Epigenomic manipulation reveals the relationship between locus specific chromatin dynamics and gene expression

Dysregulation of epigenetic processes leads to a plethora of abnormalities including disease states such as cancer. Therapies focused on epigenetic modulation alter gene expression to correct dysfunction, though the mechanisms and perpetuation of these states is unknown. Here, we use integrated epigenomics and three-dimensional chromatin structure-function analyses after acute histone deacetylase inhibitor cancer drug treatment (suberoylanilide hydroxamic acid in lung cancer cells). Treatment induced substantial (13%) genomic rearrangement that rebounds despite persistent gene expression changes and spreading of acetylation. The chromatin functional landscape (accessibility, active transcription modification, and gene expression) is controlled and locus-specific, while chromatin contacts are globally altered resulting in a moderate weakening of topologically associating domains.
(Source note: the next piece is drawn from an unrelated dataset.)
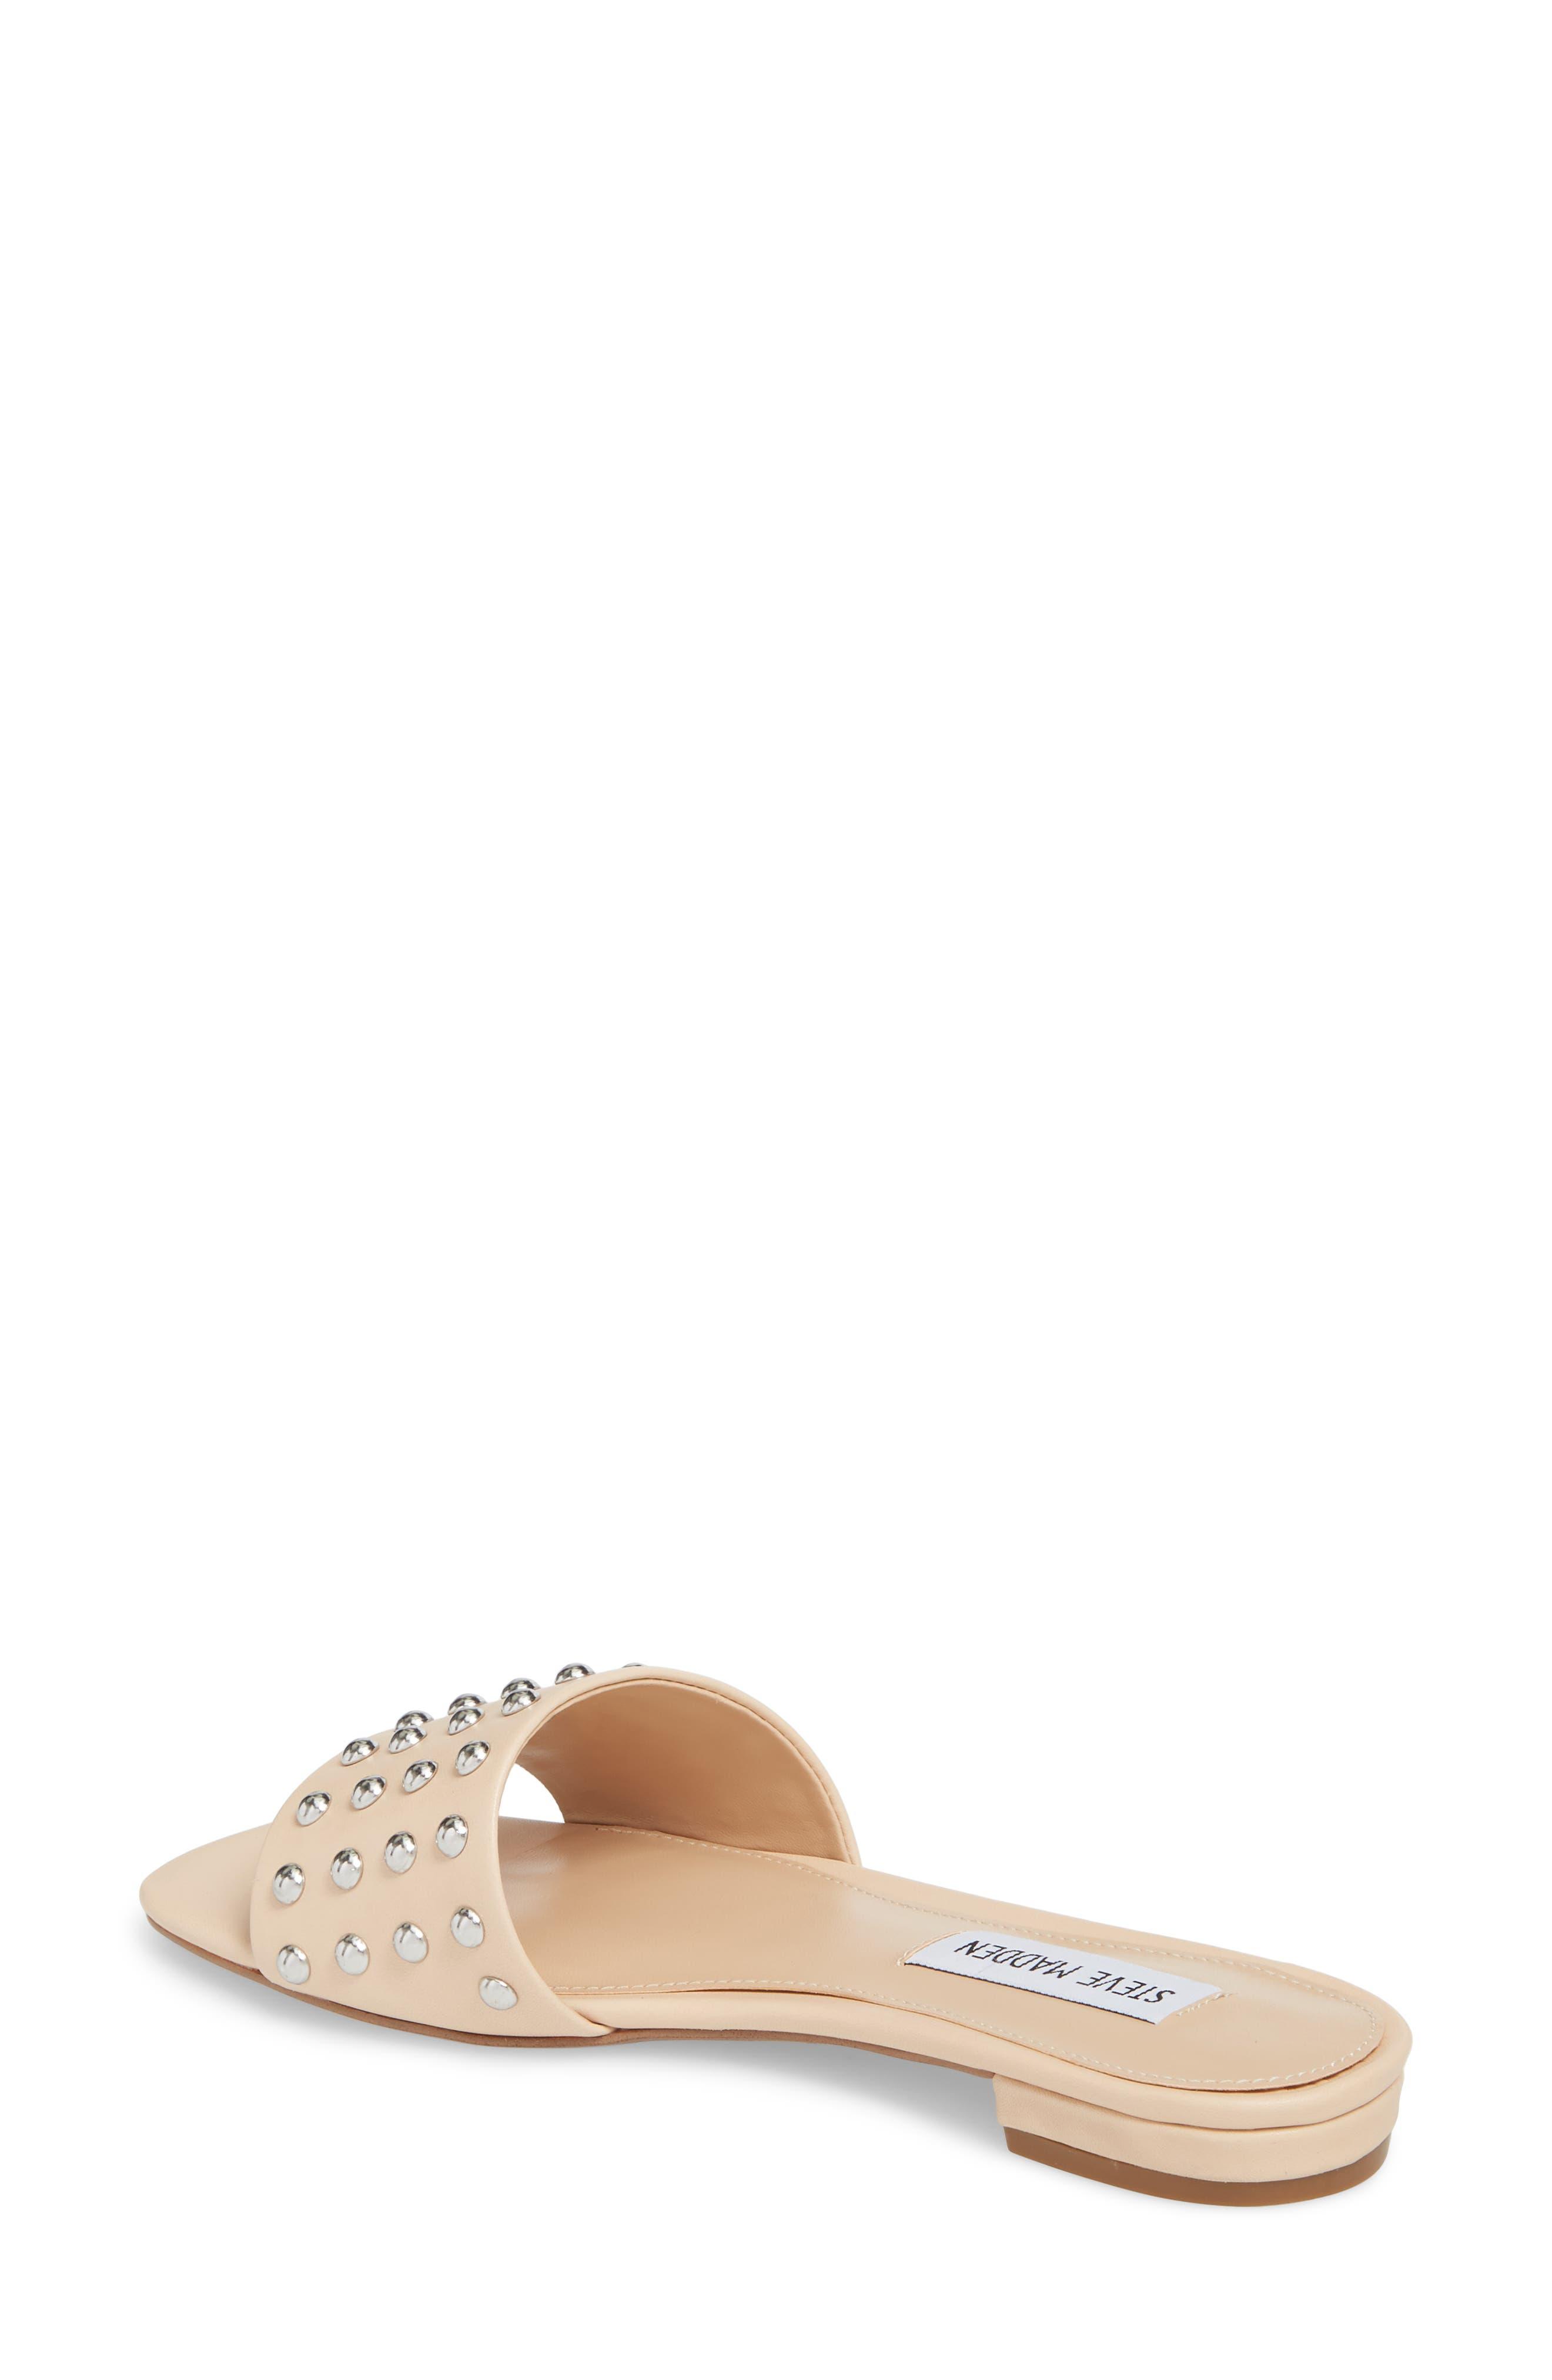 Viv Studded Slide Sandal,                             Alternate thumbnail 2, color,                             Blush Leather

Chromatin states are more dynamic at transcriptionally active loci while genes with reduced expression are epigenetically stable suggesting chromatin architectural turnover and nucleosome remodeling is locus-specific and underlies the bidirectional expression changes. Thus, local 3D chromatin and genome structural dynamics is integral for loci regulation in response to epigenomic perturbation. The partial persistence of these altered features may have larger implications for efficacy of epigenetic drugs in amelioration of disease states.